Lots of threads on what you would do with the money, how you would invest, etc. Screw that. Let’s have fun with that moola! What ways would you use the money to screw with people?
One just occurred to me this morning: Stash $100,000 in hundreds in a backpack, then rent a small storage unit. Toss the bag inside then default on the payments. See how long it takes before the unit appears on Storage Wars or* Auction Hunters.*
Totally a waste of money, but entertaining nonetheless. I’m sure you can come up with better ideas.
I’d have an Open Bar at my DopeFest celebration. I’d even include full-octane cocktails, you drunken fools! If that doesn’t entice Uncle Cecil to make a surprise appearance, I don’t know what would.
I was just thinking that anyone I wanted to give money to I’d do in the form of a trust which I can modify the rate of payout according to their behavior and my whims.
And also make them sign non disclosure agreements…
I’d buy a house with a lot of land, then have the world’s largest arcade built and stocked. Funspot in New Hampshire currently has over 500 games, so I’d need to go a bit bigger, perhaps 1000 machines, though I’d not have stuff like banks of Skeeballs, crane games, etc. I’d also pay through the nose to have them all restored.
I’d give some *huge *tips when I go out to eat for the super-servers. We’re regulars at a few places to the point that they almost don’t ask what we want to drink. It’d be a hoot to have a $20 breakfast and leave a $100 tip. I’d also like to randomly buy people stuff - whether paying for their gas or buying out a showing at a movie so anyone who wanted to see it got in for free, or even giving cash to people for no apparent reason.
The only problem is I’d end up with folks following me around hoping to get random goodies. Hmmmm, must rethink… Maybe I could randomly hire people to randomly give away my money?
Go through every drive-through in town. Purchase a drink or something else small. Pay for the car behind mine as well. See how long it takes for rumors to become rampant. Continue doing it, with different cars or Groucho glasses or something :).
I actually did this, once (no Groucho glasses once). Went to Wendy’s with the kids, and asked the cashier to also put the next car’s order on mine. It was worth it just to see the expression on the cashier’s face - I have no idea what the other driver thought. I have friends who’ve been the recipients of this and they tell me it’s really made their day.
Get a lot of one-dollar bills, set up a new Where’s George account, enter them all in, stamp them with a special stamp (not just the URL, but something about the lottery), and start leaving them random places. Maybe make origami from them first if I have the time / inclination.
I would by aluxury yacht for about 10 million dollars that sleeps twelve or so. I would also put aside about $20 million to operate it for the next ten years or so, and consider it a sunk cost. I would travel the world, and invite my friends and family for long vacations.

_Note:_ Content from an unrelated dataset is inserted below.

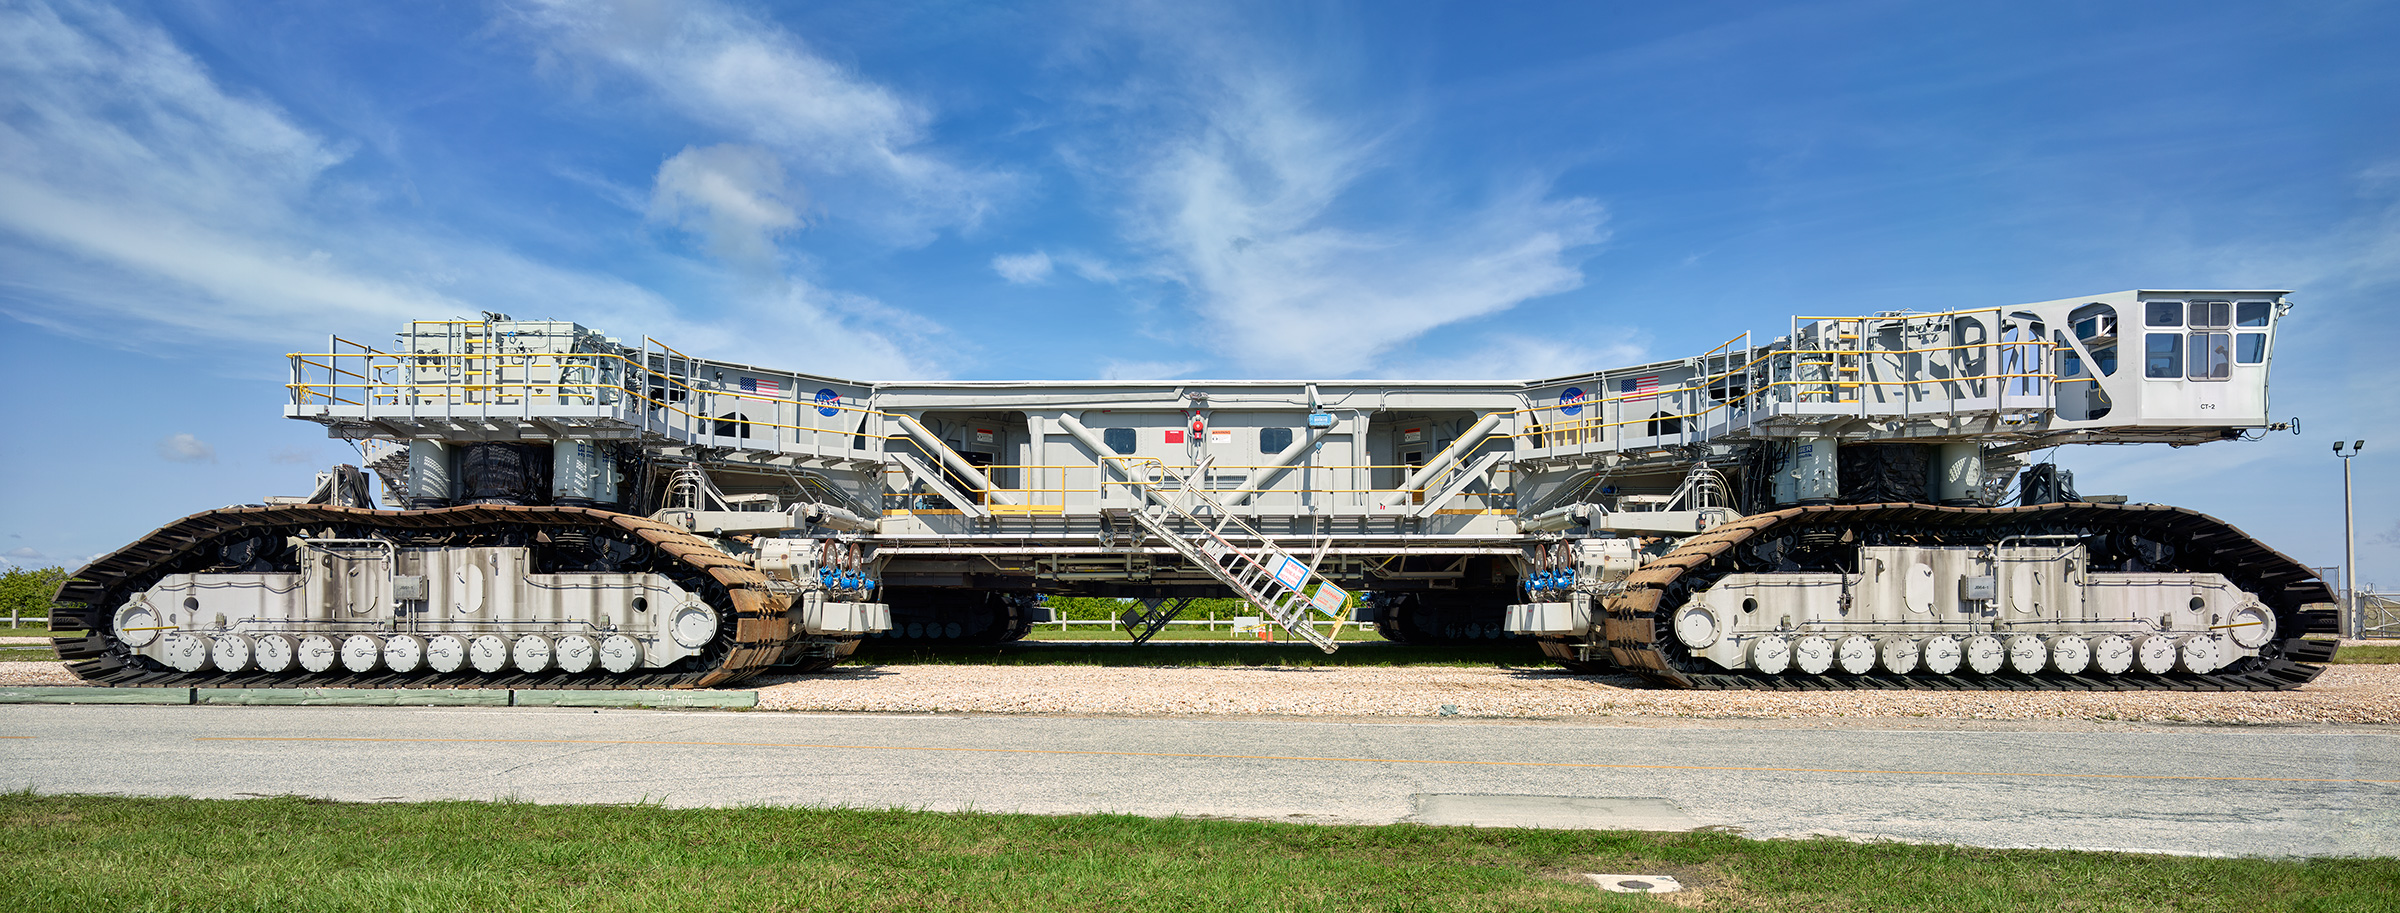 The vehicle NASA will use to transport its mobile launcher from the assembly facility to the launchpad (Christopher Payne for TIME)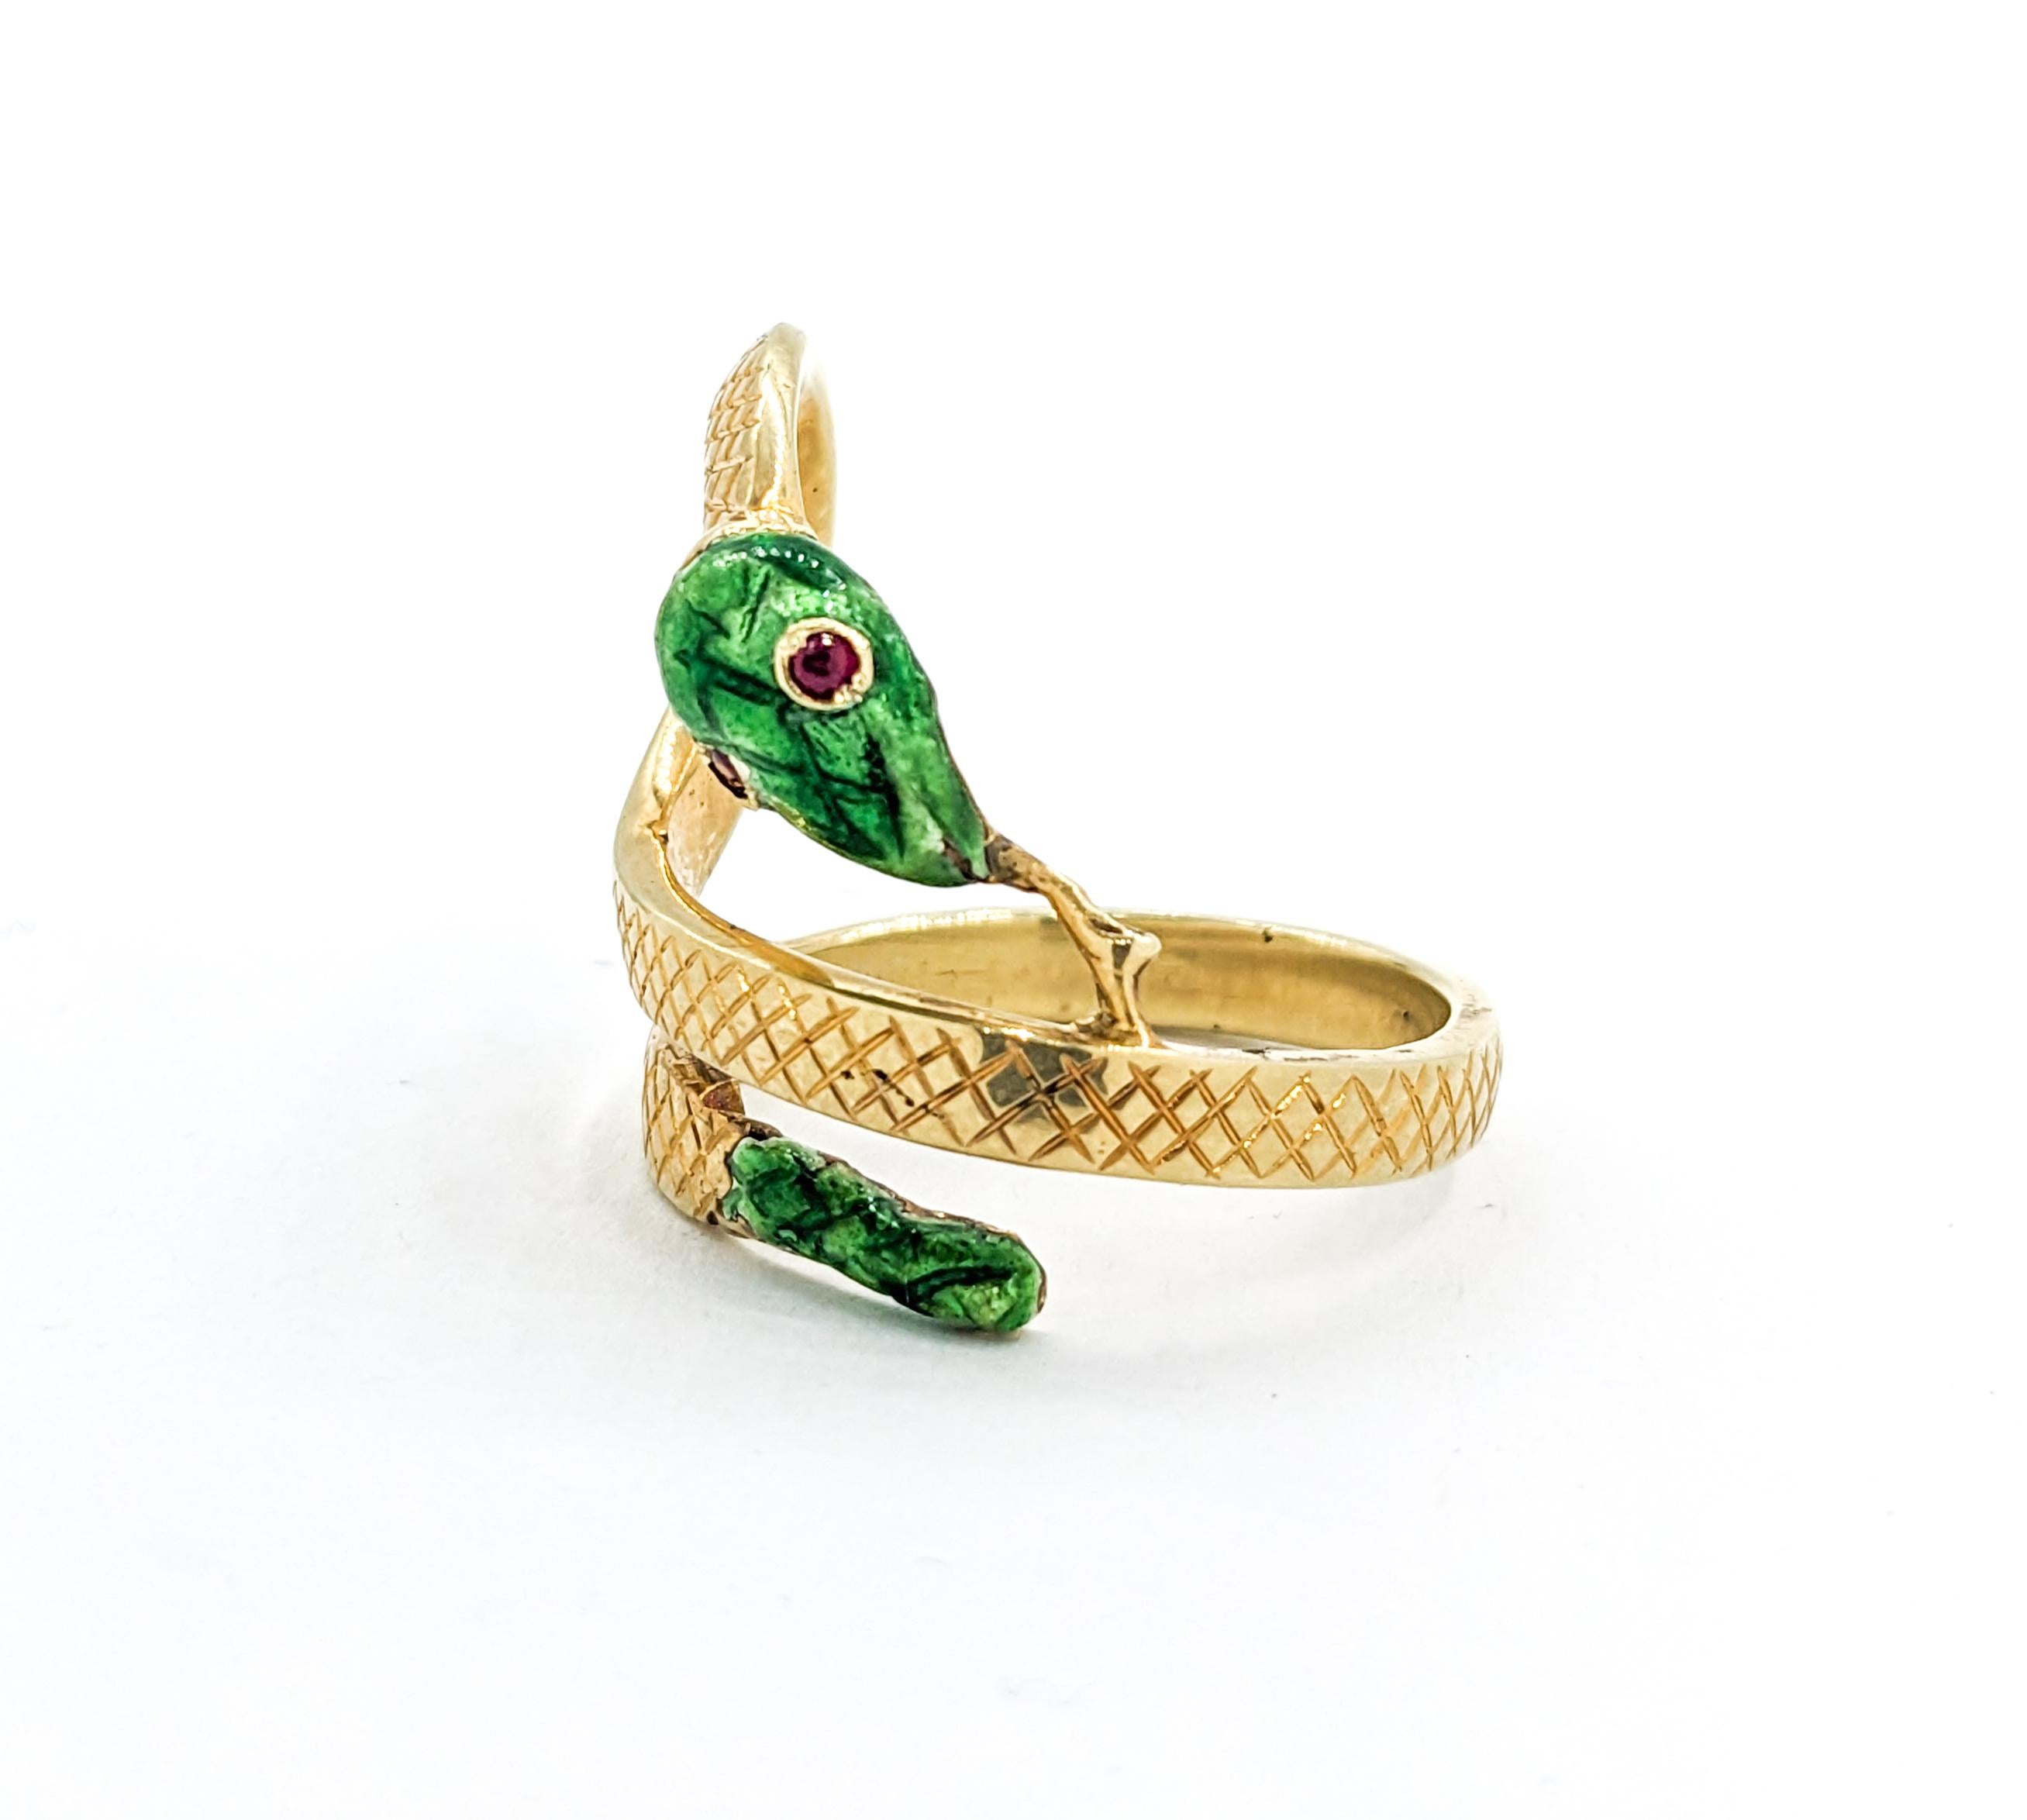 Vintage Green Enamel Snake Ring with Ruby Eyes In Yellow Gold In Excellent Condition For Sale In Bloomington, MN

I would also make sure I still had lots of money left over to fund the rest of our retirement. People who blow millions and become poor again, are not looked on with great respect.
Subways for Everyone!*
[sub]*Offer may be limited by location. Provided service may not involve rapid transit. Cheese optional, meatballs optional but highly recommended.[/sub]
Dagnabbit, where’s the “like” button on this newfangled contraption! :D.
Years ago, we visited the arch and I wanted to buy a poster of a blueprint of the building. It showed the above-ground part, as well as the underground anchoring bits - i.e. the rest of the coat hanger :). My husband talked me out of it:::sniff:::.
Secretly let my email address become public in Nigeria - wait until the scams start to arrive and then hire a few super hackers and some ex-Navy Seals to do some serious damage.
Create a micro-brewery with really great beer, sell it for only $1.00/six pack, sell it only in Red States, and have I LOVE OBAMA written in large letters on each can.
Buy all the ad space for Super Bowl, and donate the space for public service announcements for Planned Parenthood, Legalization of Marijuana, Legalization of Gay Marriage, PBS Television and advancement of Arts Programs in Public Schools.
This kind of stuff really appeals to the Coyote in me. Just drop in at a busy family restaurant and pay the tab of every family inside at the time. Buy a library all new equipment and books.
For that matter, hire some people and get Spider Robinson’s Magnificent Conspiracy going for real.
Part of my lottery fantasy is to put in a nice, lit parking lot and facilitiies at my favorite running (bike) trail.
ETA: It also includes buying up a ton of land out in the country and building my own running trail, which I would make a private club open to anyone else who wanted to run or hike on it. No bikes allowed!
This might not be as successul as you think…I doubt that the average red voter drinks really great micro-brew beer. :dubious:
Let’s see: I publicly give $10 million to my former church, because even though I don’t believe in Jesus I believe in their good works. This will naturally trigger other local churches to ask for handouts, and I force them all to come up with a full presentation–prepared speeches, PowerPoint slides, interpretative dance, the works–and hten shut them all down.